Most certainly, anti-Semitism is rearing up everywhere, and not just in the blatant expression of it by the Arab nations surrounding Israel.
No, but every time the phrase “Occupied Palestinian Territory” is used in the EU, UN or in the classroom; this statement is simply not based on FACT. In International Law, Judea & Samaria belong to Israel.
When St. James Church, Piccadilly, spends thousands of pounds erecting a “Wall” at Christmas time to accuse Israel of Apartheid behavior, without any attempt to give a balanced picture for discussion; is that fair treatment of the Jews?
Is the Presbyterian Church USA’s “Zionism Unsettled”, which they put forward as a discussion/study guide on the Palestinian conflict with Israel, but then, without discussion, accuses Israel as the barrier to peace, anything other than anti-Semitism?
When Amnesty International, at its London headquarters, hosts a book launch in 2014 for a writer whom Simon Plosker calls “Israel-hating extremist Ben White’s” book Israel Apartheid: A beginner’s Guide they are clearly taking a particular side; not exactly supportive of the neutral position such an agency must have; anti-Semitic?
Or look at the UN’s 2013 resolutions regarding Human Rights abuse: 21 against Israel; 4 against all the rest of the world, N. Korea; China; Pakistan; Iran; Syria; Egypt and all the rest.
We could go on and on; the examples are too numerous to list; and that’s just corporate institutions. What about all the graffiti, firebombed synagogues, racial slurs and murders of innocent people, well, innocent of everything but being a Jew; or a Christian for that matter. According to Paul's image of us being grafted into God's olive tree through Christ, we belong, after all, to the same family as the Jews, descendants of Abraham, Isaac and Jacob. That, however, is another story.

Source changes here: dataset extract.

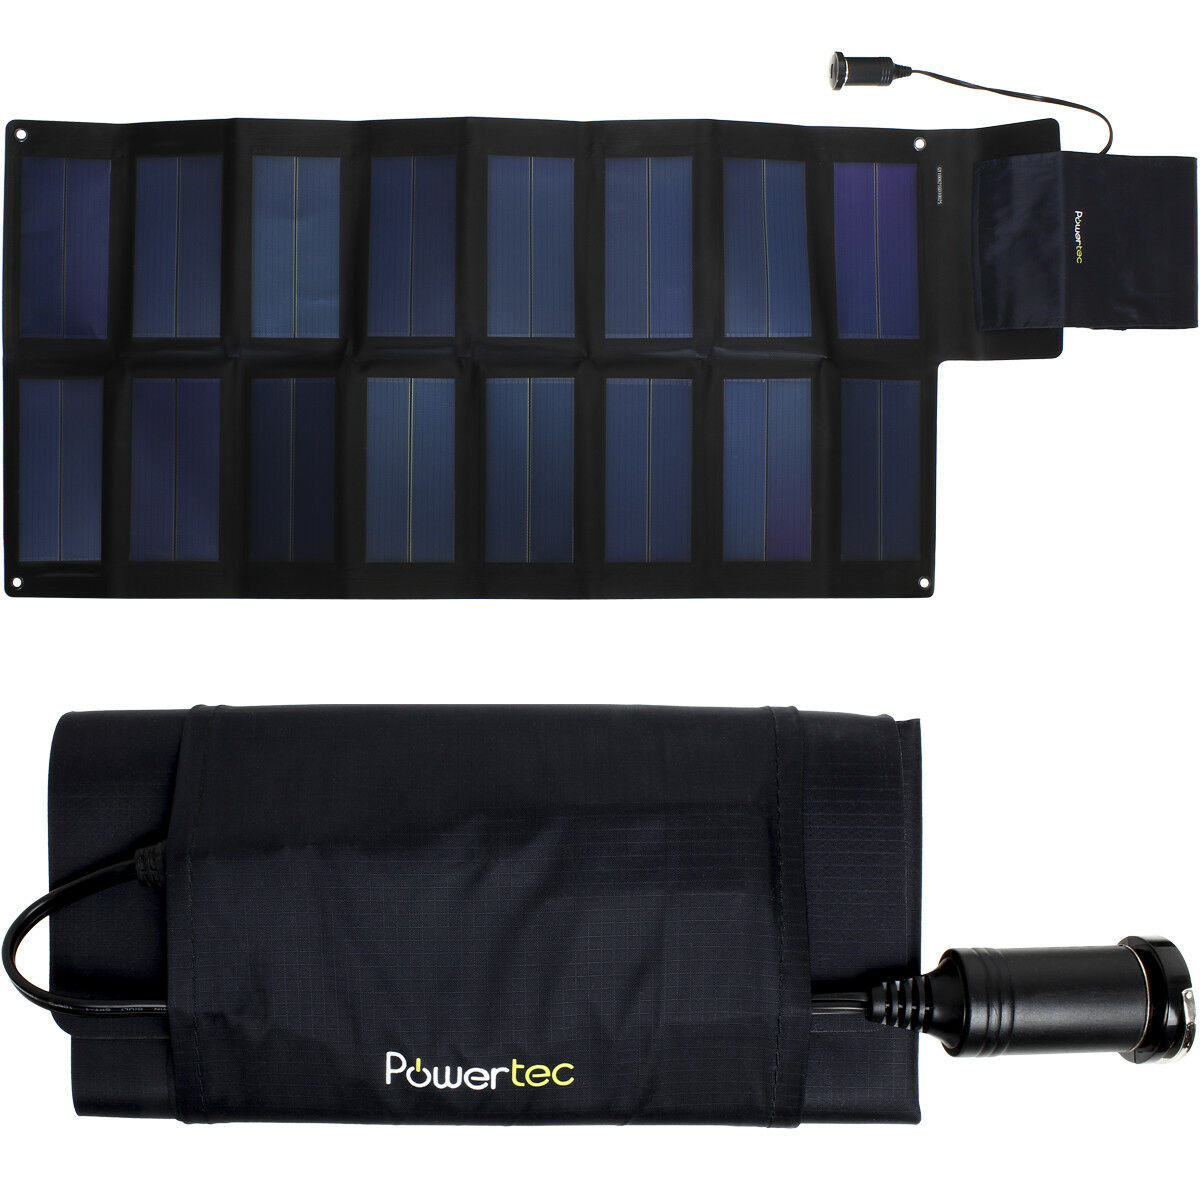 PowerTec PT25 25W Waterproof Folding Flexible Solar Panel with USB Adaptor Lead.

So, are you, am I here “for such a time as this”?
What can we do?
Be informed: organizations like PMW, HonestReporting or Camera can help understand what the media are saying and what the real truth behind their stories is.
Pray: “give yourselves no rest, and give him no rest till he establishes Jerusalem and makes her the praise of the earth.” (Isa: 62)
Act: speak up to correct misinformation you hear; write to legislators who have an influence in world affairs; attend, or better yet, organize events that bring forward balanced information.
Finally,to answer my earlier question, I believe we are here "for such a time as this". Like Esther, then, I chose to risk all to do the right thing, and invite you to join me.